WorraLiberty · 30/01/2012 20:31

When was the last time you saw her OP?

Heswall · 30/01/2012 20:39

I paid £20,000 for advice from solicitors who condradicted themselves, legal advice is just that, opinion and expensive.
If you go and get your child and police come to your door, you show them her birth certificate and they will be satisified that she is with her mother.

troisgarcons · 30/01/2012 20:40

Got to be honest with you - and perhaps playing devils advocate - you left an abusive relationship yet felt able to leave without your 6yo.

Personally, I'm not going to judge because I wasnt in your shoes at the time - however that will be thrown at you if you go to court. You can make allegations of abuse towards your EX but the fact remains you left your child with him. She's now been living with her GP for a year and is presumably happy, well adjusted and at school, with friends and her own fledgling social life.

Why would any court upset that because you want her to live with you?

And again, playing devils advocate - not neccessarily my personal opinion - but society (and ultimately a court) will judge you, as a woman, for leaving her behind when you 'escaped'.

festi · 30/01/2012 20:43

I would talk to wonas aid as they will have knowledge on the DV as well as advice about the law.

I think they greay area is although he does not have PR he does have the child with him and it will be viewed this was a voluntary arrangement made by you.

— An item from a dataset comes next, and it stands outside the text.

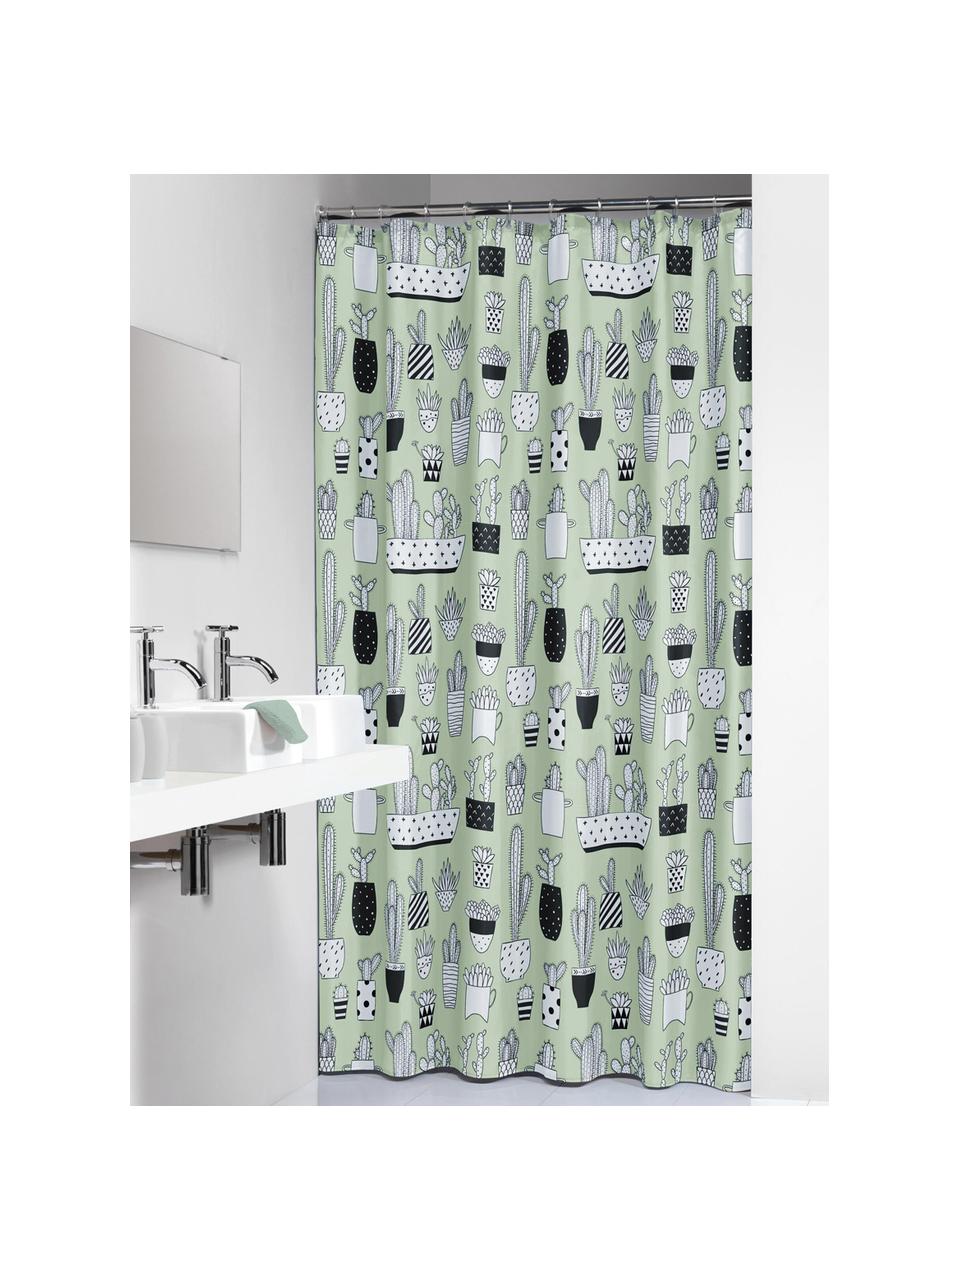 Tenda da doccia con stampa Cactus, Materiale sintetico (PEVA), impermeabile, Verde, nero, bianco, Larg. 180 x Lung. 200 cm

That is why you are recieving conflicting advice, as an oreder can and will be made very quickly if you remove dd.

I would begin to keep a diary or contact when it occurs and when it fails and begin to built a case for residancy or at least a contact order. I dont think at 6 a judge would make is decission based on solely on what your dd says, they may involve a cafcas worker to carry out an assessment etc, howeverr I would talk to someone from womans aid just now.